[Dataset items]
══════════════════════════════
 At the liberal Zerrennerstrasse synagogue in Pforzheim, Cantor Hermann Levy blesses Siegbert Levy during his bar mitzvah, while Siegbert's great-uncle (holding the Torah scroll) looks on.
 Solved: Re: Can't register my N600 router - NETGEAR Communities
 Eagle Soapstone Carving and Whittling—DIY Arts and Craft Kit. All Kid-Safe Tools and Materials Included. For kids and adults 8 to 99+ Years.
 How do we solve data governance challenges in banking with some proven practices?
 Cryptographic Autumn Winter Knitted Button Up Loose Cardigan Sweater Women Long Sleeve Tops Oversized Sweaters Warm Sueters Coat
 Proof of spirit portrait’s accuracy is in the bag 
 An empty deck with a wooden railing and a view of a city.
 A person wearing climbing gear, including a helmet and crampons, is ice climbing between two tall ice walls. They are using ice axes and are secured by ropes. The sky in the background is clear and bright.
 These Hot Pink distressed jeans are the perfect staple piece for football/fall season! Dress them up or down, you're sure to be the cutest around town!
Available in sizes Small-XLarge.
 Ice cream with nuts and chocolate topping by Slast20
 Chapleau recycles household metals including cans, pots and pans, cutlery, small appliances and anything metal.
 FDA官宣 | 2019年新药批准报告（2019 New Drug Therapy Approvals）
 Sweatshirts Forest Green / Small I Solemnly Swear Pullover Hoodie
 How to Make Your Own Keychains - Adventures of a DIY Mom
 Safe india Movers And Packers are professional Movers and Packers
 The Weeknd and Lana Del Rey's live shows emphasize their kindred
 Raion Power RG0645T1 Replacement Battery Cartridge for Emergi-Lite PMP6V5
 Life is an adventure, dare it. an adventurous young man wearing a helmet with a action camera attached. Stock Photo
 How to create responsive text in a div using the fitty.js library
══════════════════════════════
● Instructions to follow
The answer must consist of every line above that contains the word "including".

● Answer section
 A person wearing climbing gear, including a helmet and crampons, is ice climbing between two tall ice walls. They are using ice axes and are secured by ropes. The sky in the background is clear and bright.
 Chapleau recycles household metals including cans, pots and pans, cutlery, small appliances and anything metal.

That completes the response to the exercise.